Accompanied by rude fat jokes, spy photos of Ducati’s new Superbike replacement have emerged on enthusiast forum, giving us some idea of the bike’s size and features six weeks before the bike’s official world debut.

We’ve been speculating about this bike for a while, and it looks like some of our speculation is borne out. Monocoque aluminum chassis? We can’t see anything under the bodywork, but patent filings indicate yes. Öhlins suspension and Brembo racing monobloc brakes? We can see those. Underbelly exhaust? Yes, complete with a big Termignoni label. We can also clearly see the massive-looking single-sided swingarm. The prototype has a chrome bar-end mirror, but that’s obviously for testing purposes—I’d expect mirror/turn-signal units like the current superbikes are equipped with. The new horizontally mounted rear suspension is not-so-elegantly covered with what looks like a bedpan, but you can spot bits of the linkage.
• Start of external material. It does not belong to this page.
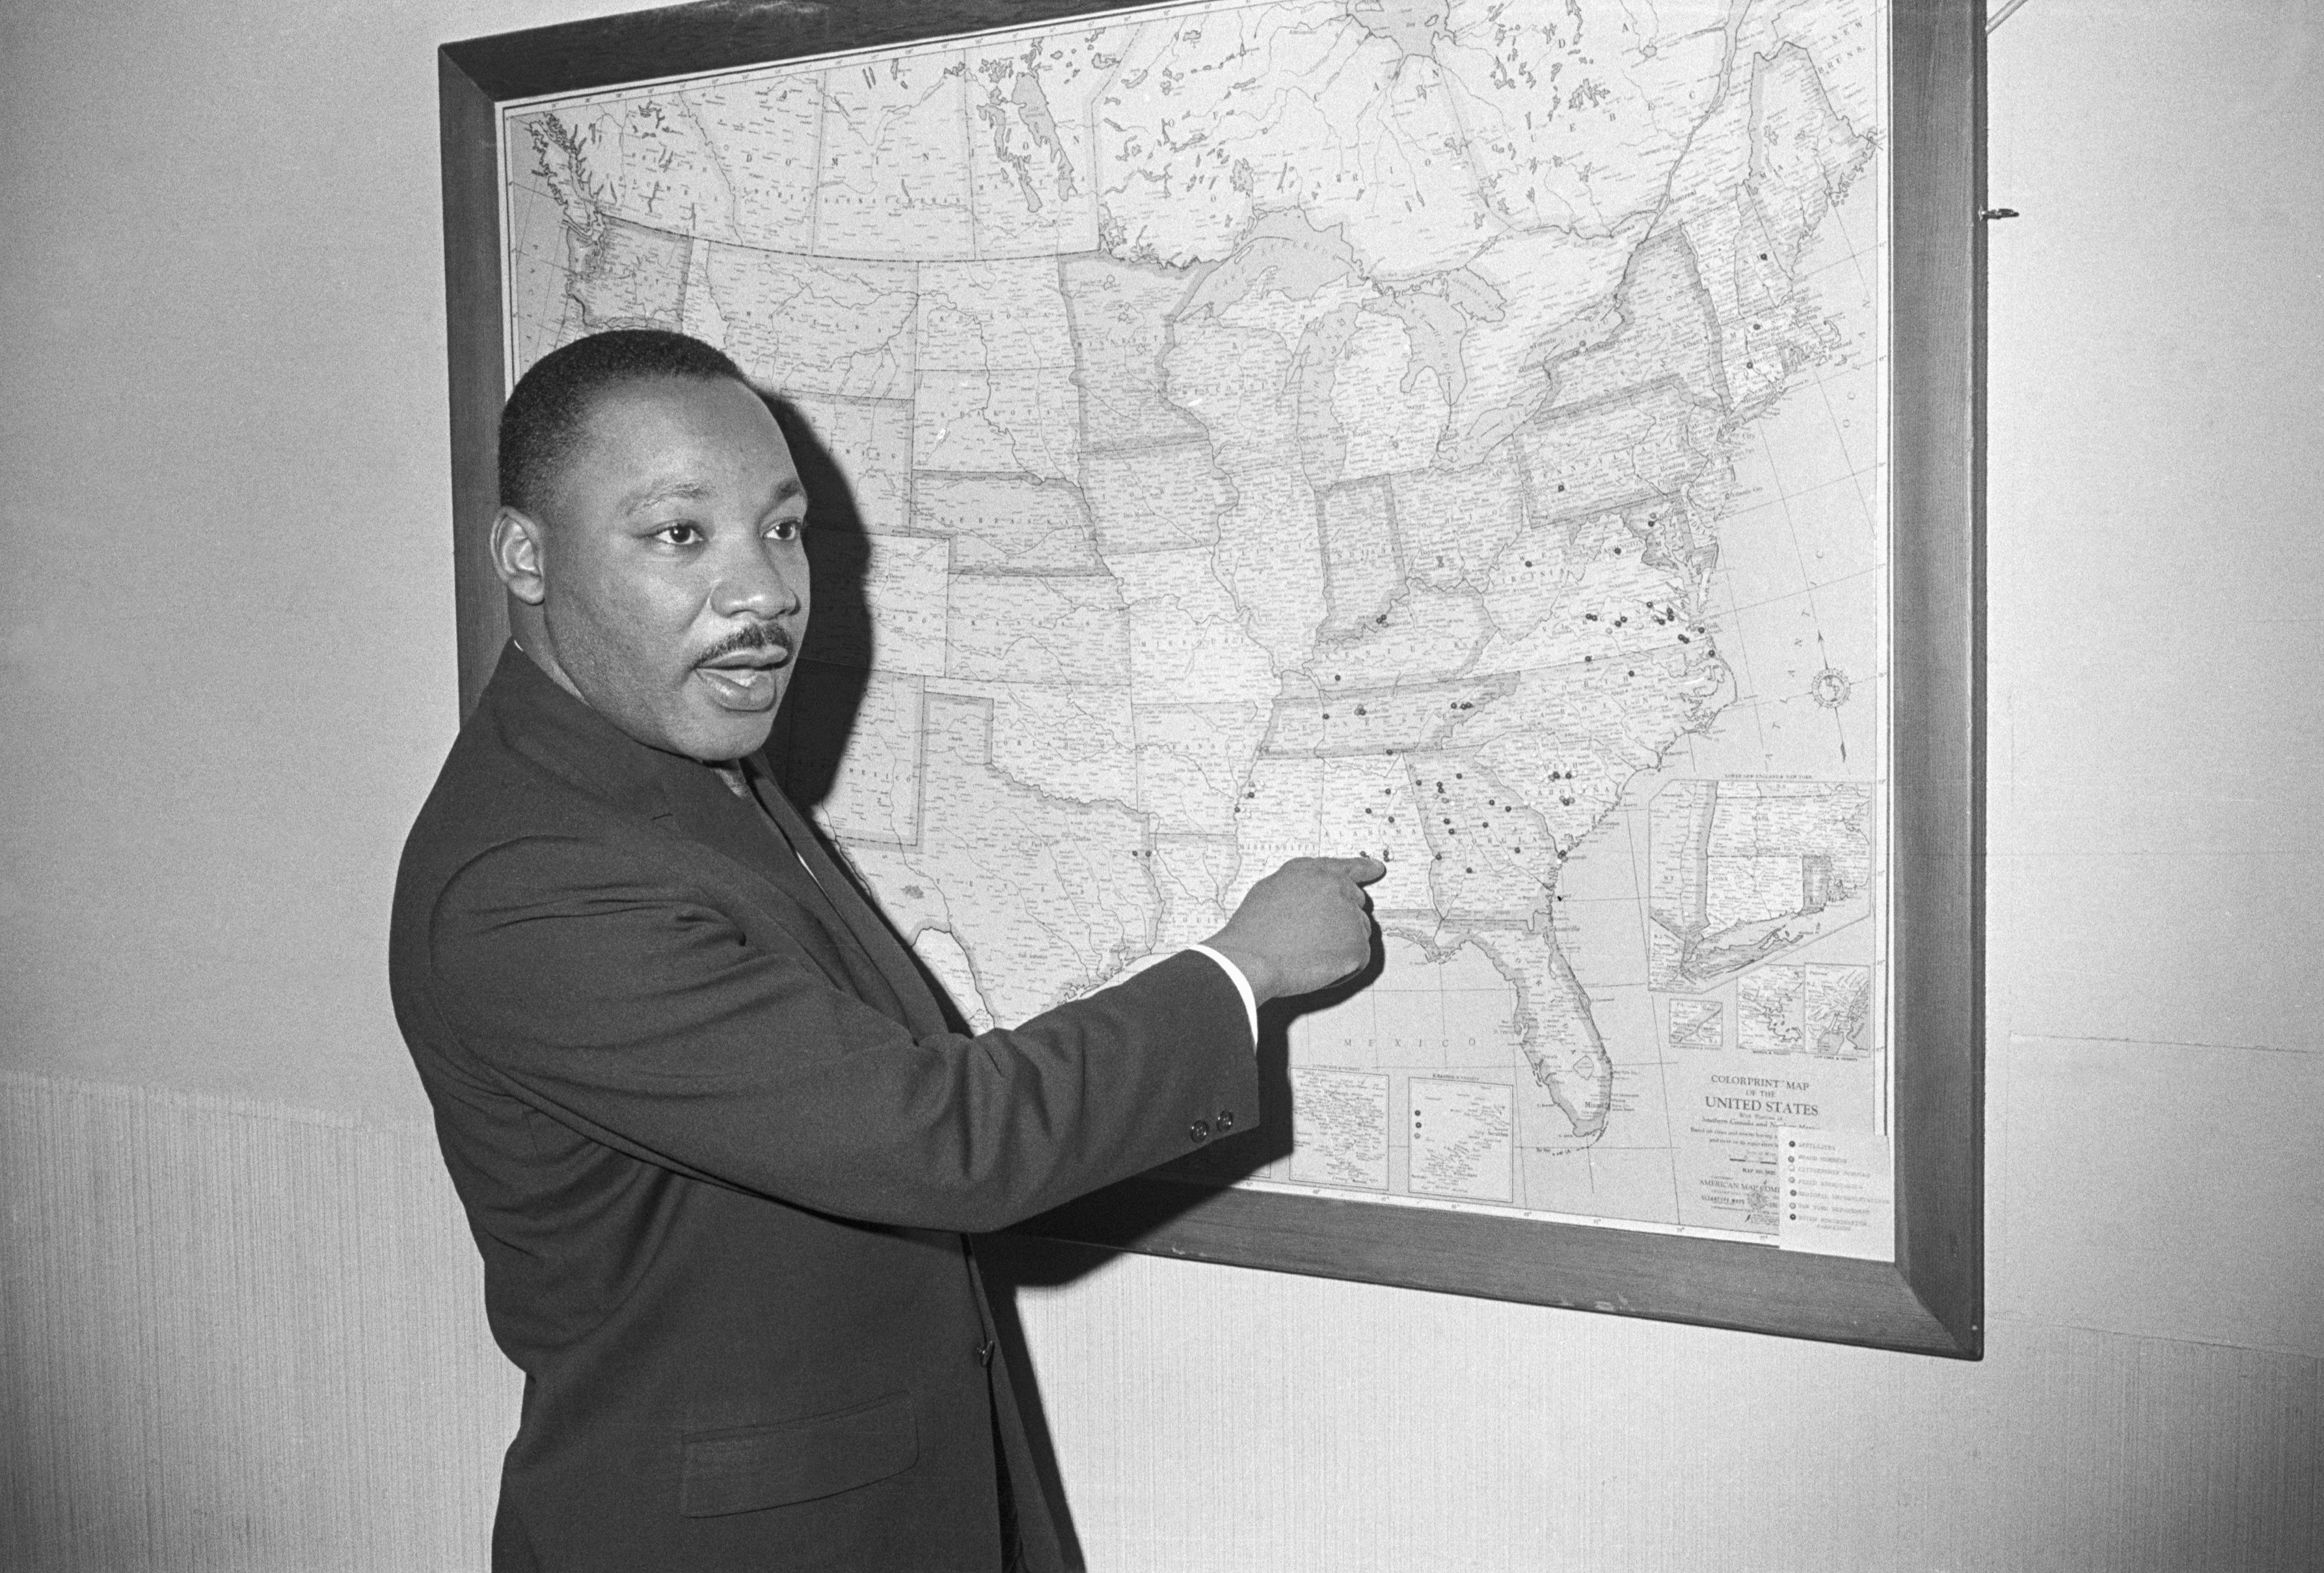 MLK points to a map

The exposed engine cover hints at an all-new motor. We told you earlier the powerplant will be the all-new 1199cc “Superquadratta,” with gear-driven cams and extremely over-square (in fact, ‘superquadratta’ is Italian for ‘over-square’) bore and stroke figures. A much higher rev limit is a likely result, with output possibly approaching 195 horsepower. That new-found extra power will be asked to carry less weight—the new monocoque design promises substantial weight savings on a bike that’s just about the lightest in its class already. To buttress these claims, there is a report on a moto-blog that a So-Cal Ducati dealer posted a not-so-cryptic “395/195” message on its FaceBook wall after attending a recent Ducati North America dealer meeting in Florida—395 pounds wet and 195 hp?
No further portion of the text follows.